When does a rolapitant patent expire?
Patent expiration dates depend on:
- The priority date of the patent family (and any resulting filing timelines).
- Country-specific term rules and patent adjustments.
- Whether exclusivity extensions apply (for example, regulatory-related extensions in some jurisdictions).
- Whether there are “evergreening” patents covering new formulations or new dosing methods.

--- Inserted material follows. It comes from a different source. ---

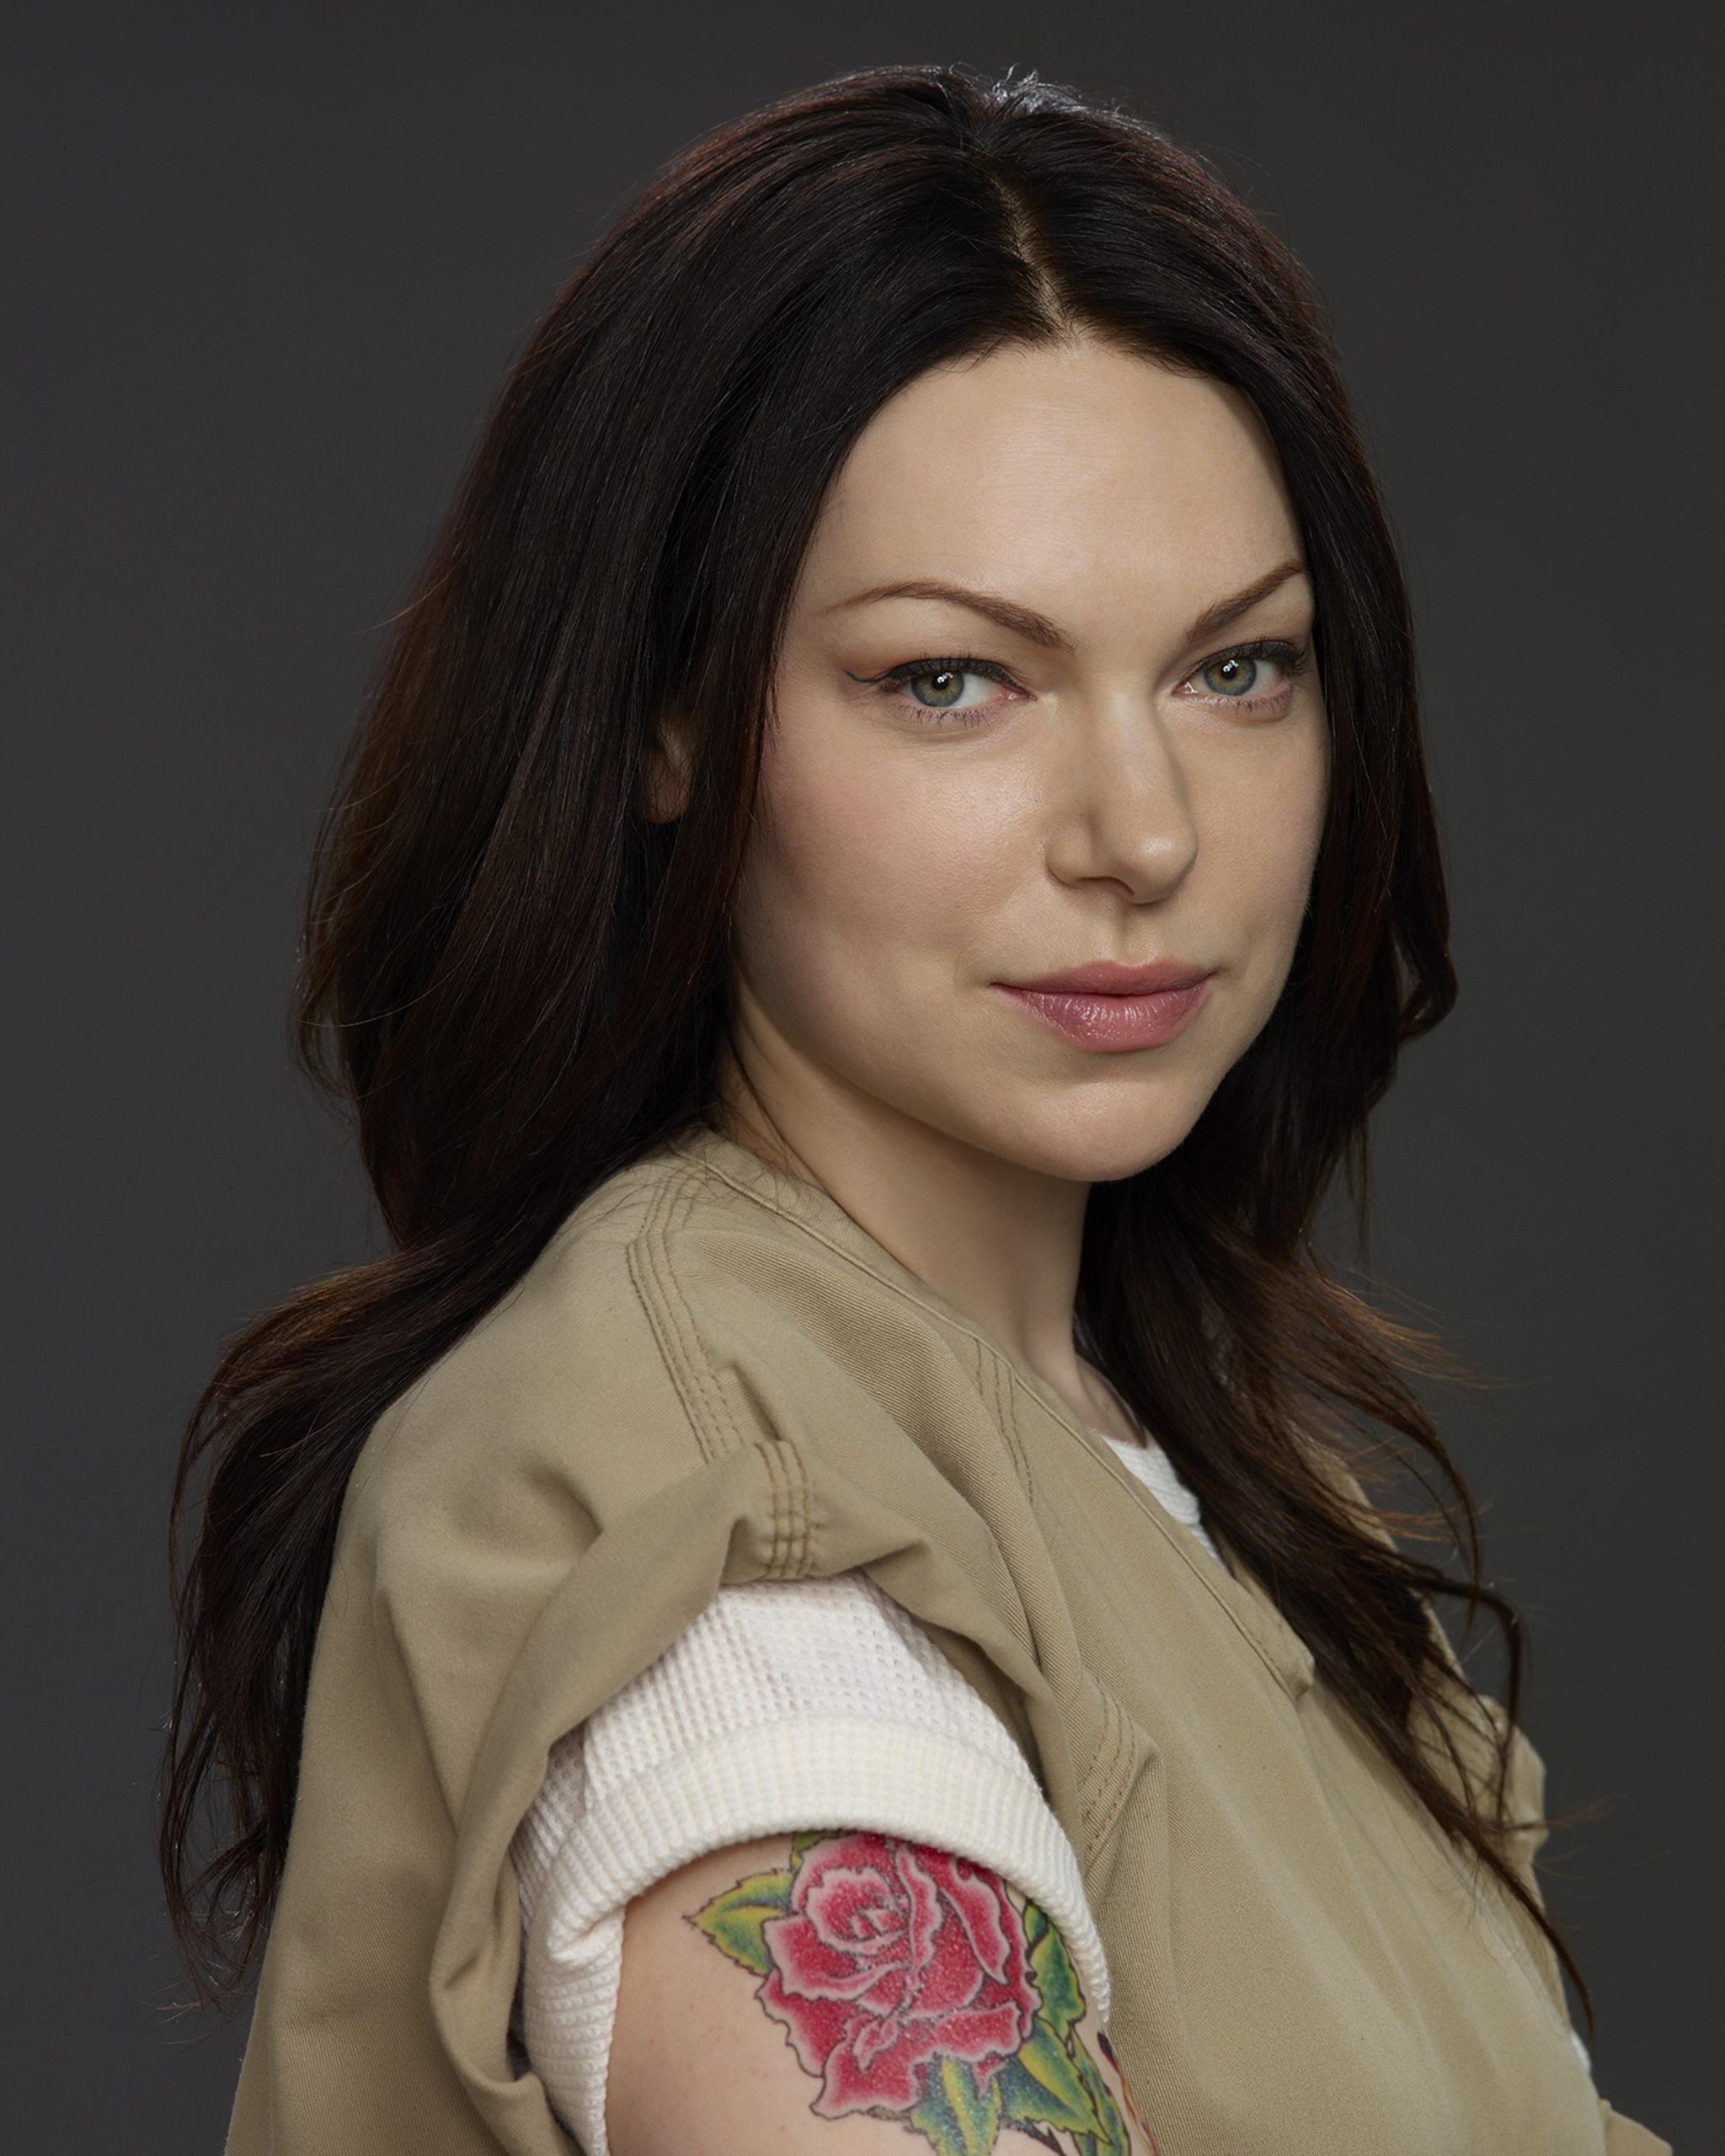 70+ Hot Pictures of Laura Prepon from Orange Is The New Black Will Get You Hot Under Collars 22

Without the exact patent number and jurisdiction, it’s not possible to state a reliable expiration date.
What are rolapitant’s major patent/market exclusivity risks for competitors?
For competitors, the main practical risks are:
- Being unable to launch a generic or biosimilar until relevant claims expire.
- Receiving injunctions or facing litigation if a product falls within claim scope (for example, a formulation that is too close).
- Competing around still-protected method-of-use claims, even if some composition claims have expired (or vice versa), because different patent types can block different products.
Can generics be launched before all patents expire?
Usually, even when one patent expires, other patents in the same family can still block marketing—especially if:
- A method-of-use patent still covers the way the drug is prescribed.
- A formulation patent still covers the specific dosage form or composition.
- A follow-on patent family is still in force in the target jurisdiction.
Whether a generic can launch early depends on which claims a regulatory submission must address and what patents are listed/treated as blocking in that country.
What I need from you to give the exact rolapitant patent answer
To identify the correct “rolapitant patent,” I need at least one of the following:
- The country/jurisdiction (e.g., US, EP, UK, India, Canada, Japan).
- The exact product name (brand name and manufacturer, if known).
- Any patent number(s) you’ve seen (even partial).
- A link to the page or document where you found the question.
If you tell me the jurisdiction (for example, “US rolapitant patent”), I can narrow down to the specific patents and explain what each one covers and when it expires.
Sources
No sources were provided in your message, so I can’t cite specific rolapitant patent documents yet.